[RFC][PATCH v2 00/13] integrity: Introduce a digest cache

From: Roberto Sassu
Date: Sat Aug 12 2023 - 06:47:57 EST


From: Roberto Sassu <roberto.sassu@xxxxxxxxxx>

Introduction
============

The main goal of Integrity Measurement Architecture (IMA) is to perform a
measurement of the file content and use it for remote attestation, to
report a possibly compromised system, using the TPM as a root of trust. It
can also prevent a system compromise from happening by checking the
calculated file digest against a known-good reference value and by denying
the current operation if there is a mismatch.


Motivation
==========

This patch set aims to address two important shortcomings: predictability
of the Platform Configuration Registers (PCRs), and the provisioning of
reference values to compare the calculated file digest against.

Remote attestation, according to Trusted Computing Group (TCG)
specifications, is done by replicating the PCR extend operation in
software with the digests in the event log (in this case the IMA
measurement list), and by comparing the obtained value with the PCR value
signed by the TPM with the quote operation.

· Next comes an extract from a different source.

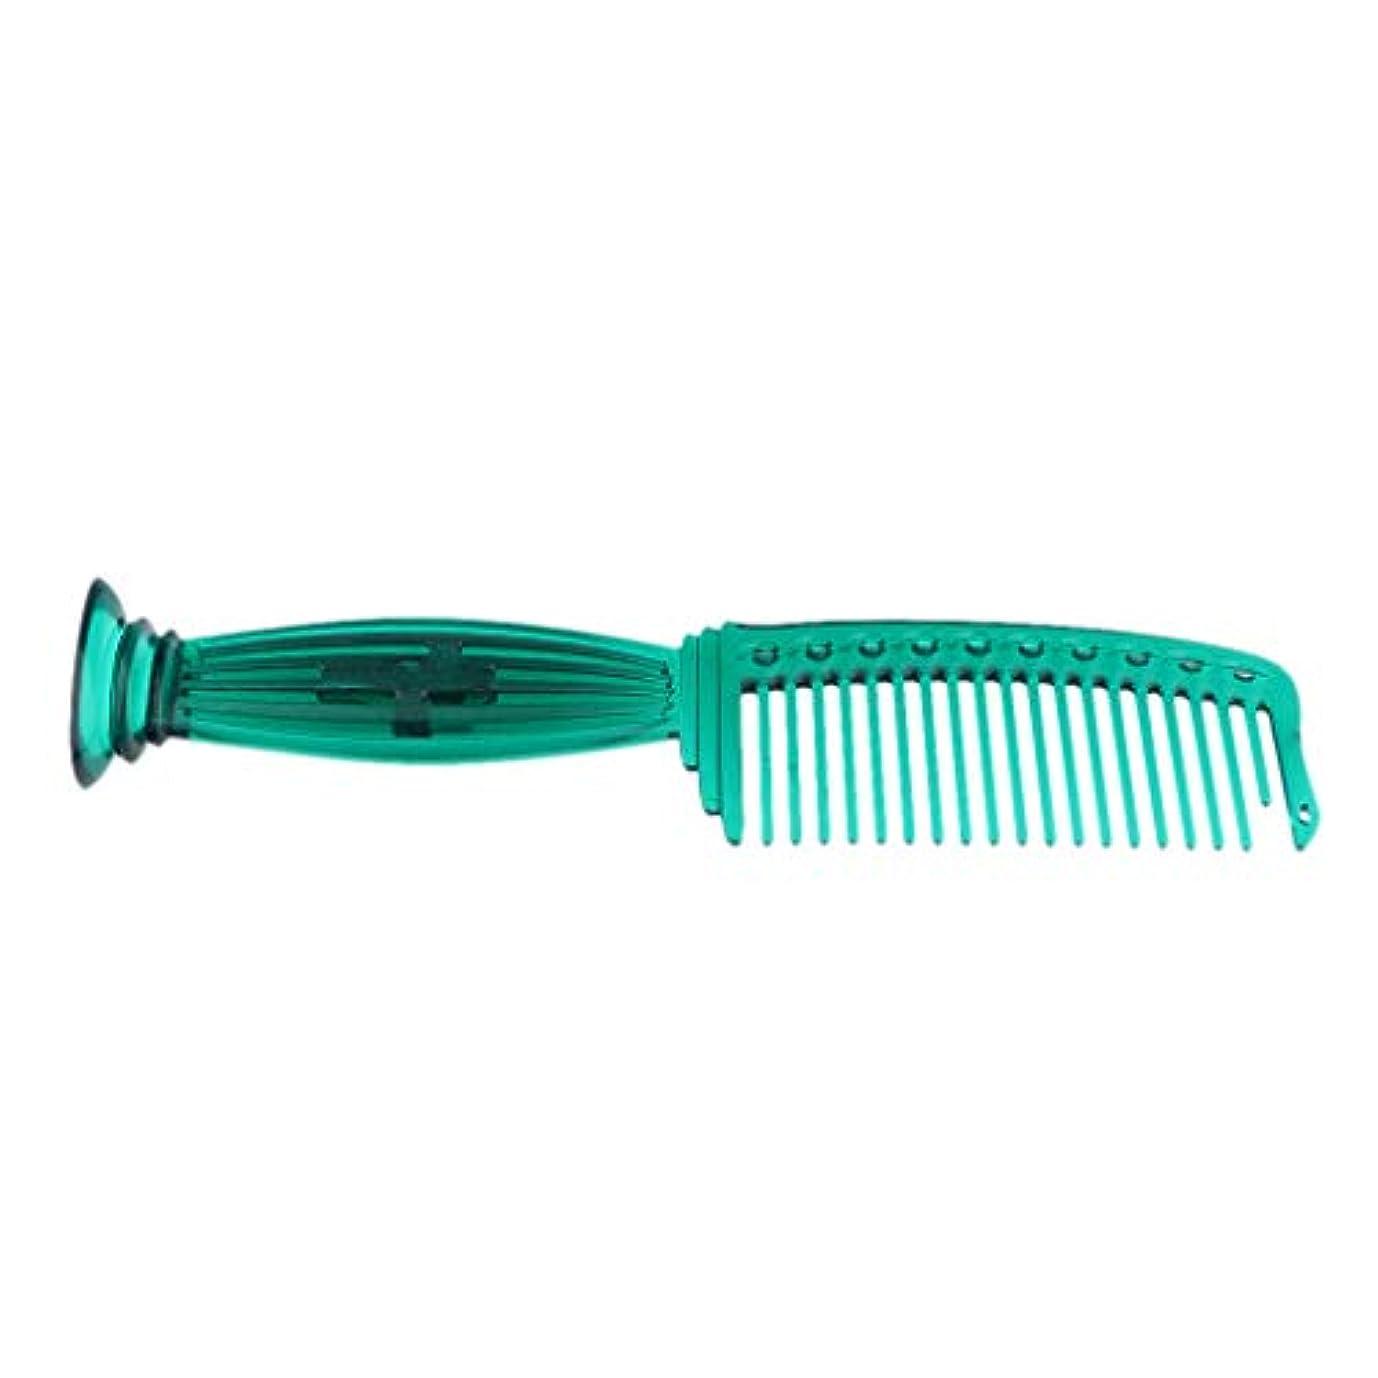 レインコート急いでエレメンタル全5色 ワイド歯 ヘアコーム ヘアブラシ プラスチック櫛 頭皮保護 櫛 プロ ヘアサロン 理髪師用 - 緑

Due to how the extend operation is performed, if measurements are done in
a different order, the final PCR value will be different. That means that
if measurements are done in parallel, there is no way to predict what the
final PCR value will be, making impossible to seal data to a PCR value. If
the PCR value was predictable, a system could for example prove its
integrity by unsealing and using its private key, without sending every
time the full list of measurements.

Provisioning reference values for file digests is also a difficult task.
The solution so far was to add file signatures to RPM packages, and
possibly to DEB packages, so that IMA can verify them. While this undoubtly
works, it also requires Linux distribution vendors to support the feature
by rebuilding all their packages, and eventually extending their PKI to
perform the additional signatures. It could also require developers extra
work to deal with the additional data.

On the other hand, since often packages carry the file digests themselves,
it won't be actually needed to add file signatures. If the kernel was able
to extract the file digests by itself, all the tasks mentioned above for
the Linux distribution vendors won't be needed too. All current and past
Linux distributions can be easily retrofitted to enable IMA appraisal with
the file digests from the packages.

Narrowing down the scope of a package parser to only extract specific
information makes it small enough to accurately verify that it cannot harm
the kernel. An additional mitigation consists in verifying the signature of
the package first, before attempting to extract the file digests.


Solution
========

To avoid a PCR is extended in a non-deterministic way, the proposed
solution is to replace individual file measurements with the measurement of
a file (the digest list) containing a set of file digests. If the
calculated digest of a file being measured/appraised matches one digest in
the set, its measurement is skipped. If otherwise there is no match, the
file digest is added to the measurement list.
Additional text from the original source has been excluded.